- [Action item]:
If a line comes after the one containing "Riihimäen ratapiha, jossa", leave it out; copy every line before it, and that line too, exactly as written, starting from the first line of the entries.

- [Supplied data]:
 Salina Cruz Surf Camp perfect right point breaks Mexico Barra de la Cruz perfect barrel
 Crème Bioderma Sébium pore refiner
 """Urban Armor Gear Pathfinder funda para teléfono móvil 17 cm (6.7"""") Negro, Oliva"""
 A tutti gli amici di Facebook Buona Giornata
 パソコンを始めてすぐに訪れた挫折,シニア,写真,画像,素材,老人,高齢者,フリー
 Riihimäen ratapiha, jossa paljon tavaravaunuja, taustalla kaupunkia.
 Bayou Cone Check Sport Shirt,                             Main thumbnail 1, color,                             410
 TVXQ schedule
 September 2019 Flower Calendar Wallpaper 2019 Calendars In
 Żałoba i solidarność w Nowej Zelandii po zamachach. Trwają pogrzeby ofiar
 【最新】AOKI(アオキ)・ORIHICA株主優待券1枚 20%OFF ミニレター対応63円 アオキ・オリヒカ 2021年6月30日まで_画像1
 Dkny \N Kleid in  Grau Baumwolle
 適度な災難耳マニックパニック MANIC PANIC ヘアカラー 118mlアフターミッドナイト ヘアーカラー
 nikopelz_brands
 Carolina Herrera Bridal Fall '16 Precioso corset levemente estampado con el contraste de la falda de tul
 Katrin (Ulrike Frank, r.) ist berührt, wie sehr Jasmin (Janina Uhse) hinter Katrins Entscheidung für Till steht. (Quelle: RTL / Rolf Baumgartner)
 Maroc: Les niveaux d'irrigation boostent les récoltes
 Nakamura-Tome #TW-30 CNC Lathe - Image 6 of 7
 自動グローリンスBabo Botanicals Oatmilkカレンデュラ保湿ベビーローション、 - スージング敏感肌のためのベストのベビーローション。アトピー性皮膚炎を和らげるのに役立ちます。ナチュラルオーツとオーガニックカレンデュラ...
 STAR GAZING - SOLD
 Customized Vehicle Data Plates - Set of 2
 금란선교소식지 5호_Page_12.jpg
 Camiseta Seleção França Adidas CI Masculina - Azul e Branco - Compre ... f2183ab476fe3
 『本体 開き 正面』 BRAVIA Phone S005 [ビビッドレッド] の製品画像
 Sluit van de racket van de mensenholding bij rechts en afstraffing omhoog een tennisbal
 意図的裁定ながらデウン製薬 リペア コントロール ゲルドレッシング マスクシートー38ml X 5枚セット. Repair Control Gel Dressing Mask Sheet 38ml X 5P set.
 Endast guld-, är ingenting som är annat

- [Task answer]:
 Salina Cruz Surf Camp perfect right point breaks Mexico Barra de la Cruz perfect barrel
 Crème Bioderma Sébium pore refiner
 """Urban Armor Gear Pathfinder funda para teléfono móvil 17 cm (6.7"""") Negro, Oliva"""
 A tutti gli amici di Facebook Buona Giornata
 パソコンを始めてすぐに訪れた挫折,シニア,写真,画像,素材,老人,高齢者,フリー
 Riihimäen ratapiha, jossa paljon tavaravaunuja, taustalla kaupunkia.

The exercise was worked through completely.